Youngster’s first bow buck a 166 6/8 brute

Braydon Muse, 14 of Florence, killed this 166-plus buck with 3 drop tines Oct. 15 in Holmes County. It was his first buck with a bow.

Muse’s 280-pound Holmes County deer had 3 drop tines

Brayden Muse’s first draw on a deer with a bow was one for the books.

The record books, that is.

Muse, 14, a 9th grader at Florence High School, put an arrow through a Holmes County non-typical brute — a main-frame 10-point with three drop tines and a kicker off a G2 — that green scores 166 6/8 inches gross.

The Oct. 15 kill will be tough to beat, as his Dad and mentor Brian Muse said, “for the rest of his life.”

In addition to an amazing rack, the buck was massive. It weighed 280 pounds on the hoof, and produced 82.5 pounds of deboned venison.

“He was huge,” Brayden Muse said.

“He was a chore to load, that’s for sure,” Brian Muse said. “Took four of us, Brayden, me, his uncle and his grandfather to get him on our Bad Boy Buggy, but we did it.”

The first-year bow hunter was in a tree with his uncle, Alan Brunston, on private land that has been under intensive buck management for 15 years, on his fifth hunt of the season.

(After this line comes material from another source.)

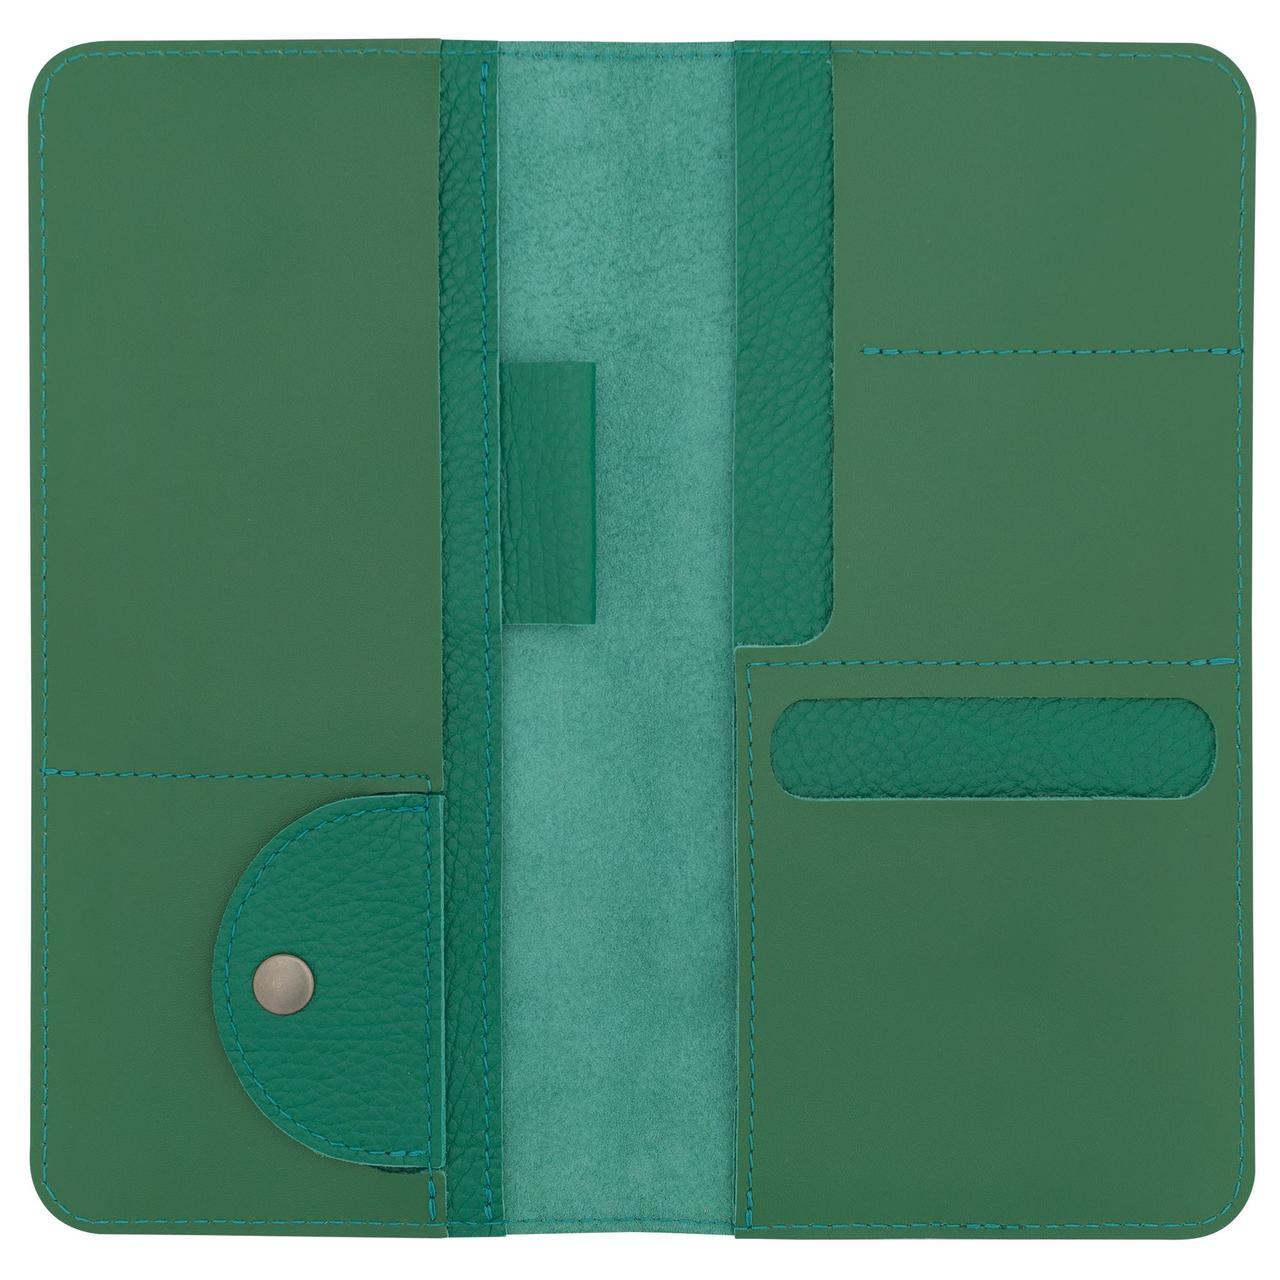 Органайзер для путешествий Hakuna Matata, зеленый

“Alan takes him because I’m very reluctant about climbing,” said Brian Muse. “I fell 25 feet out of a tree stand that malfunctioned in 2001 and I am still fighting problems related to those injuries. I don’t climb anymore and I am hesitant about letting Braydon. I quit bow hunting.

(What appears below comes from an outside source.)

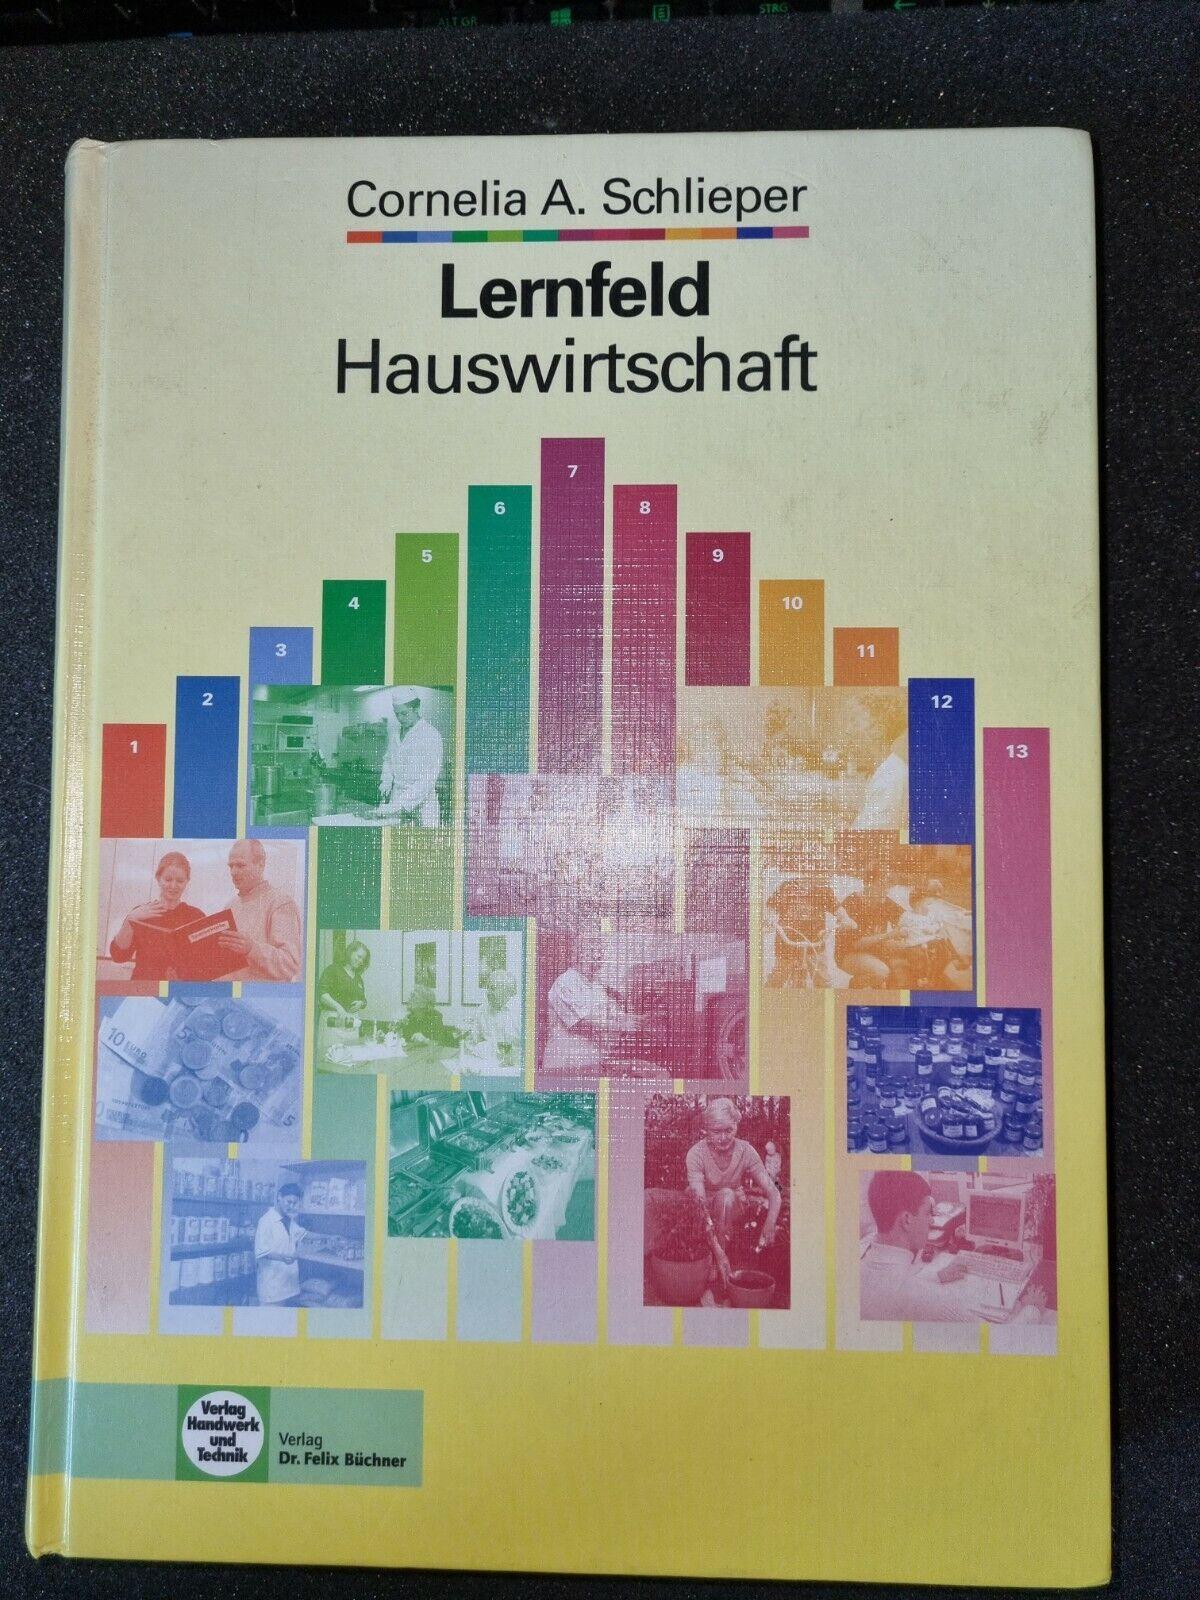 Lernfeld Hauswirtschaft - Cornelia A. Schlieper - Cornelia A. Schöieper

“But late last year, he got interested in bow hunting and that’s all he said he wanted for Christmas was a bow. He wanted to bow hunt. We took him to The Outfitter in Richland and Cameron Stigler, who works at the bow counter, got him all set up. I’ve got to give him credit. And, Alan has been his teacher.”

Braydon Muse spent a lot of spring and summer hours shooting with his new hunting present.

“About three or four days a week, for about 30 minutes or an hour in the backyard,” Braydon Muse said.

With a new bow hunter in the mix, the Muses had to include new tree stands at hunting camp.

“We decided to put up two sets of Millennium lock-ons for Braydon,” his father said. “I like to use Mississippi companies products whenever I can, and what we did was put two stands on two different sites, one for a north wind and one for a south wind. The two stands went on the same tree at both sites, which gives Braydon a shooting platform and one at a 45-degree angle for his uncle Alan so they could be together.”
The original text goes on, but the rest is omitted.